Leaving out the images, reproduce every line of the data that follows exactly.

### STORED DATA
--------------------

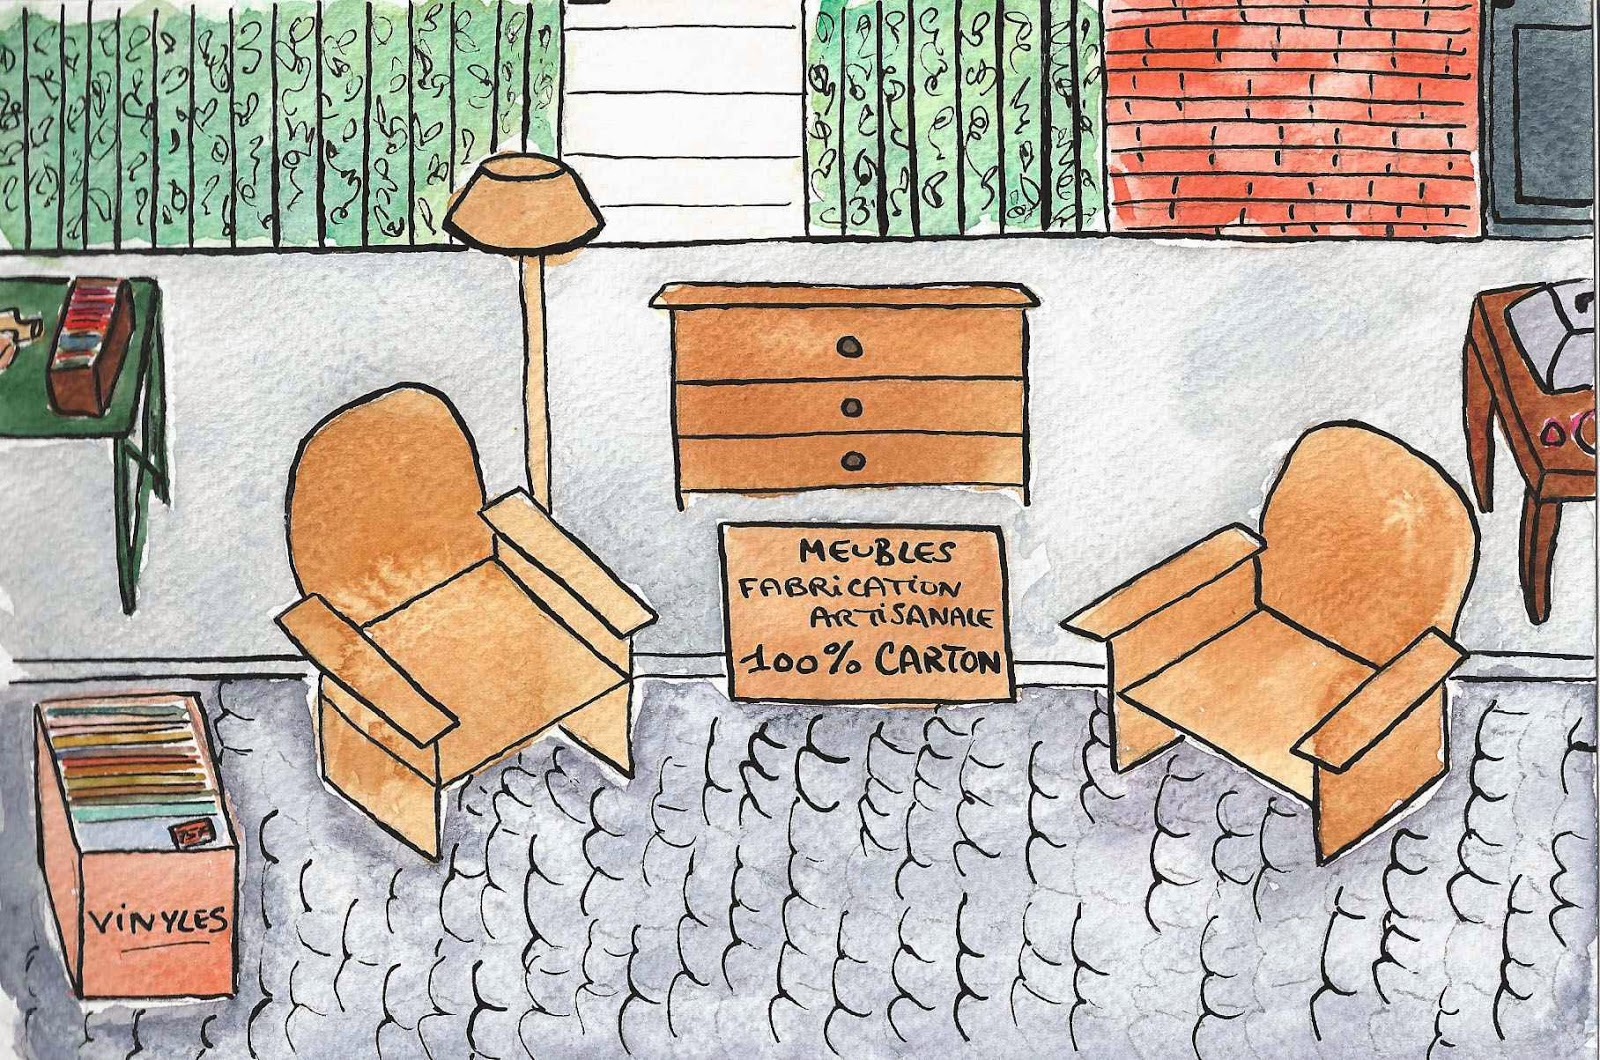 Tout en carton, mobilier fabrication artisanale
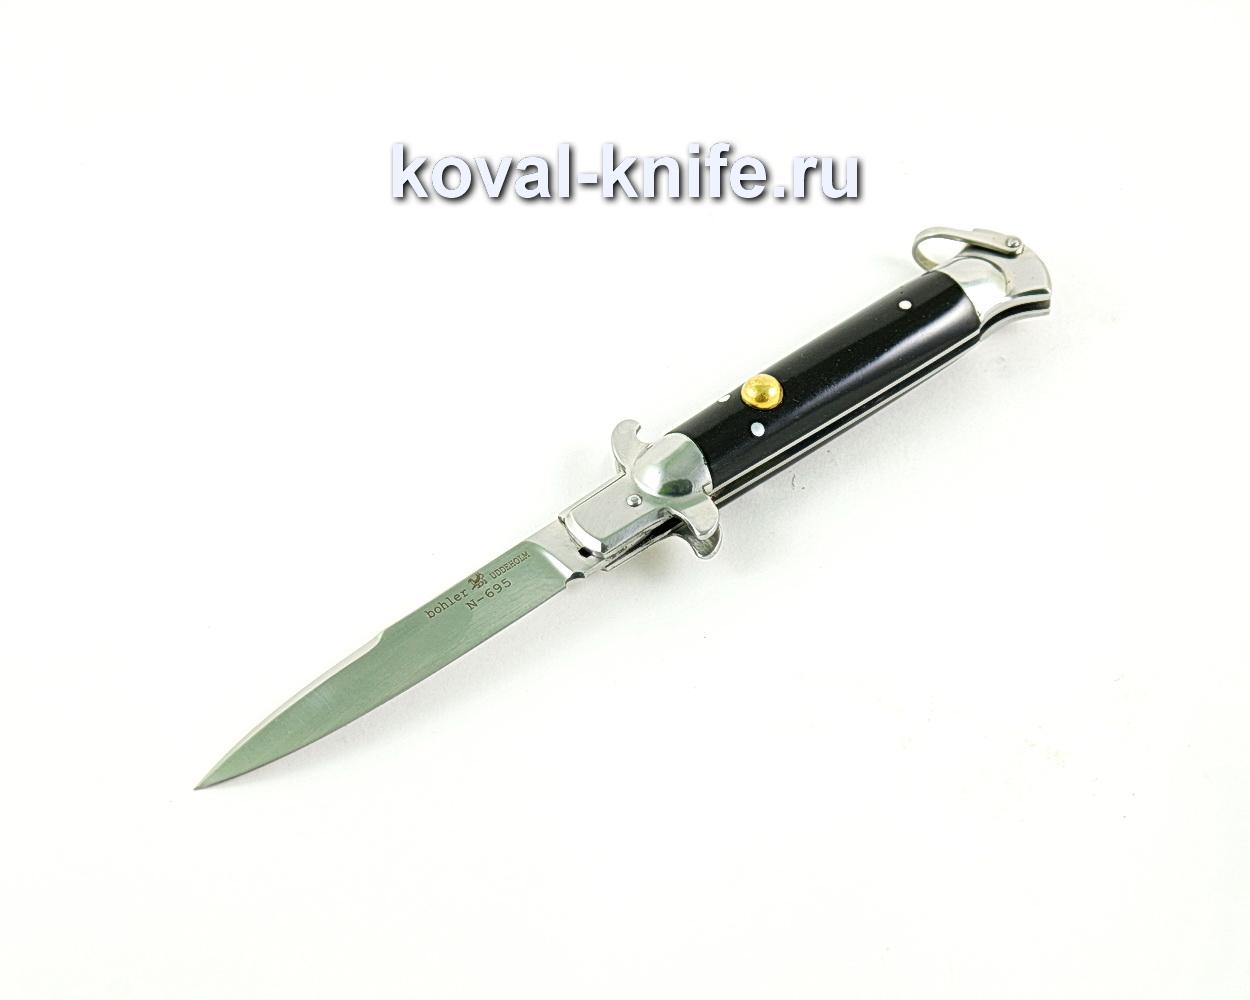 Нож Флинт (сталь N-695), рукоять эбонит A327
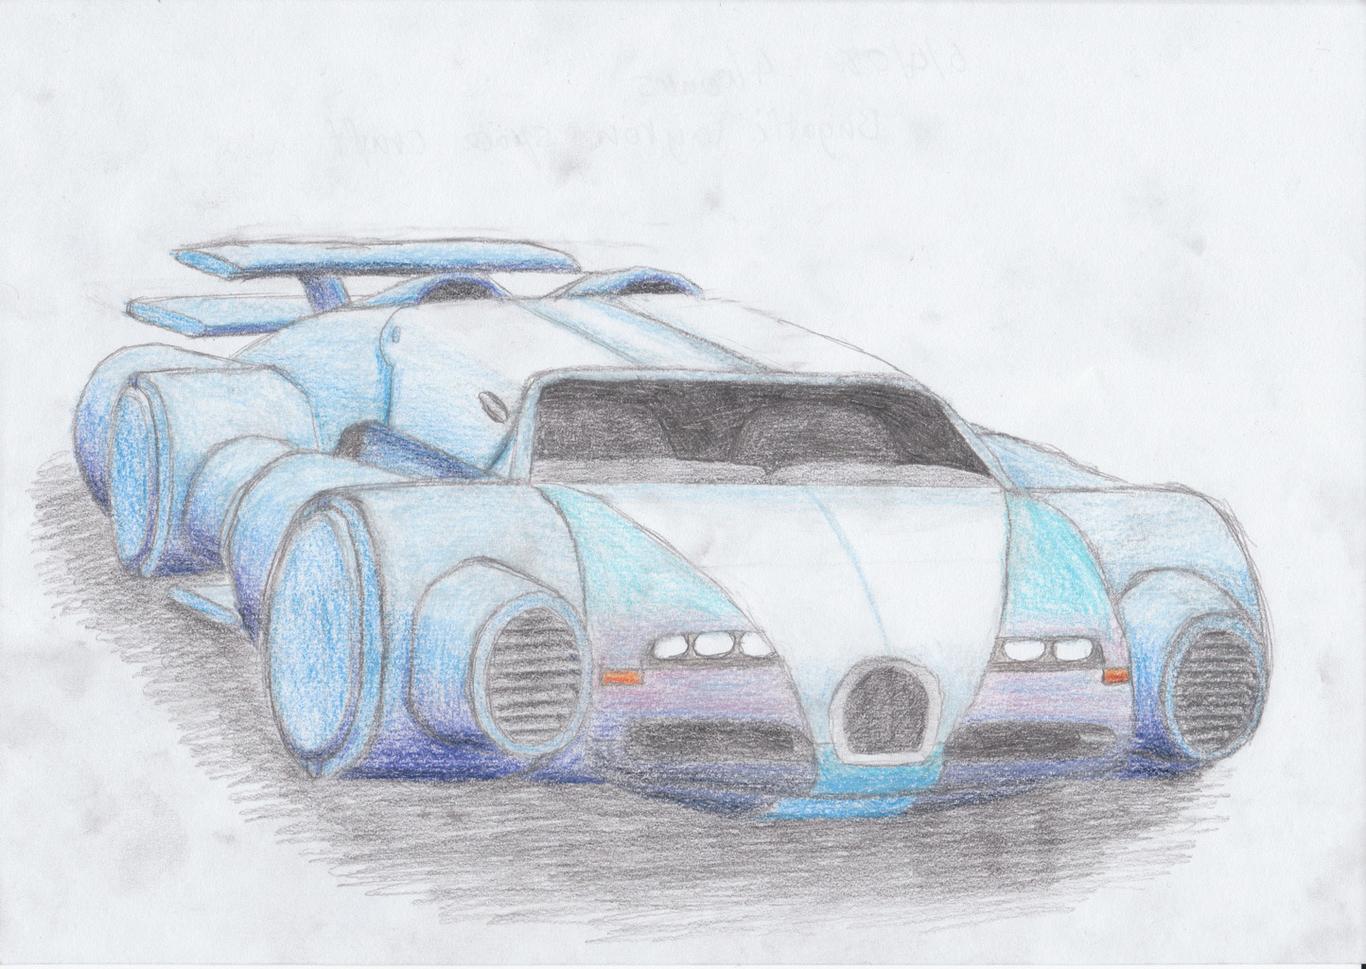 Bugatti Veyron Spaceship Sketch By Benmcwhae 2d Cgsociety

--------------------

### SOLUTION BELOW
 Tout en carton, mobilier fabrication artisanale
 Нож Флинт (сталь N-695), рукоять эбонит A327
 Bugatti Veyron Spaceship Sketch By Benmcwhae 2d Cgsociety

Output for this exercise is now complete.